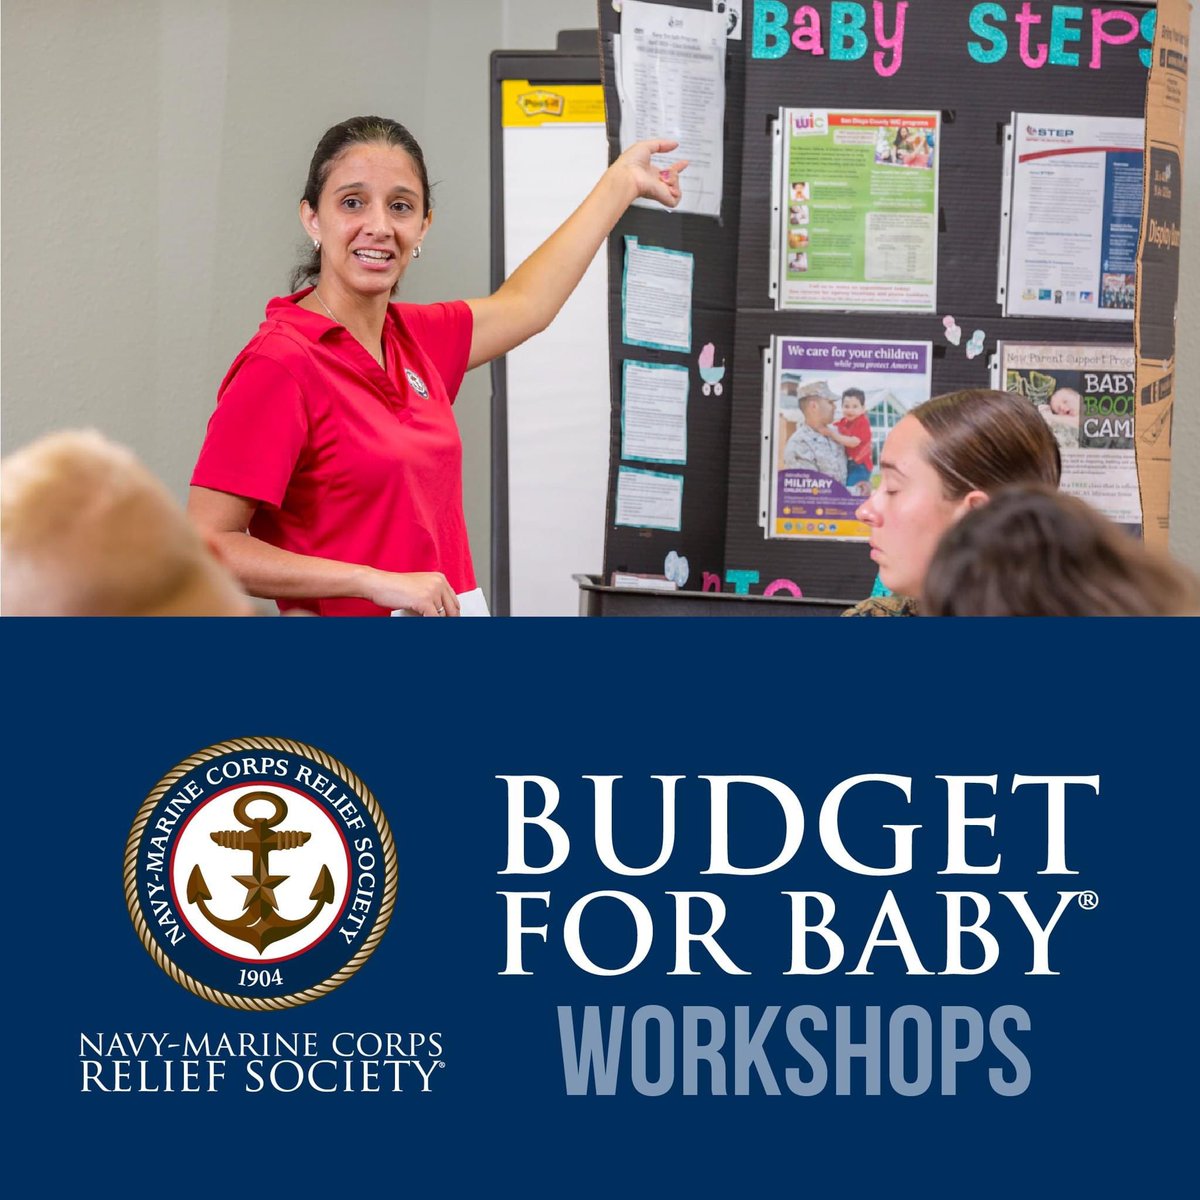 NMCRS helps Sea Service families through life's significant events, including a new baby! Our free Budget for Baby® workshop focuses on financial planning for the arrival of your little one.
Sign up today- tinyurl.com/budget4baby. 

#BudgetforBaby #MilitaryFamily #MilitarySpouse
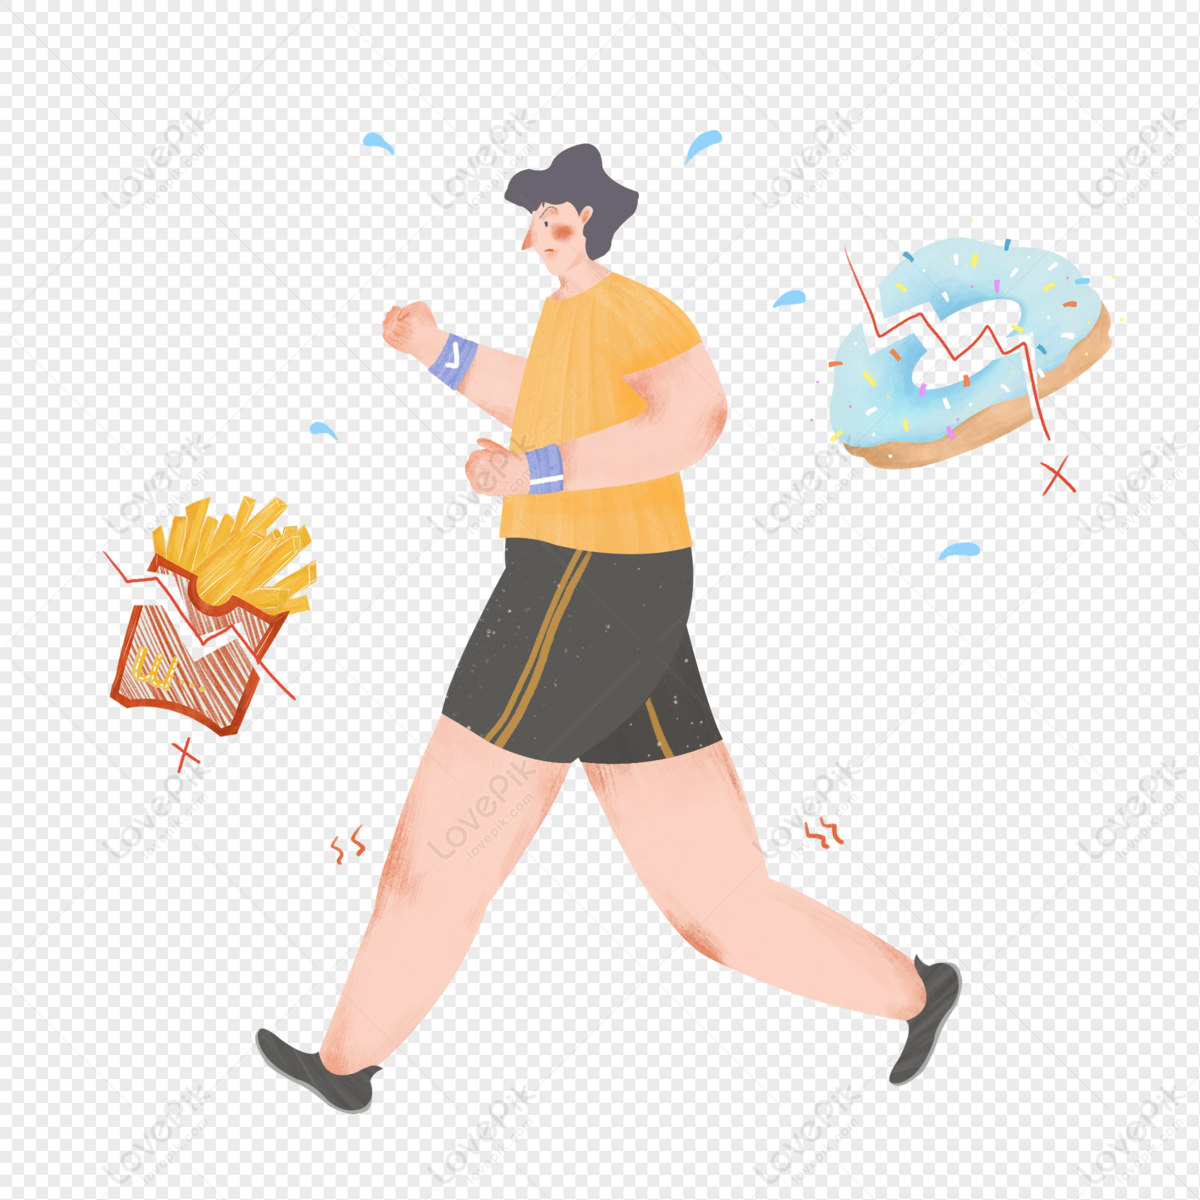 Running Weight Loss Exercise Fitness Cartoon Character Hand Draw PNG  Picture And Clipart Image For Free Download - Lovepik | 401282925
***
● **EXERCISE BRIEF**
Beginning with the line that contains "Sign up today- tinyurl.com/budget4baby." and ending with the last line of the data above, output those lines exactly and nothing more, without any pictures.

● **OUTPUT**
Sign up today- tinyurl.com/budget4baby. 

#BudgetforBaby #MilitaryFamily #MilitarySpouse
 Running Weight Loss Exercise Fitness Cartoon Character Hand Draw PNG  Picture And Clipart Image For Free Download - Lovepik | 401282925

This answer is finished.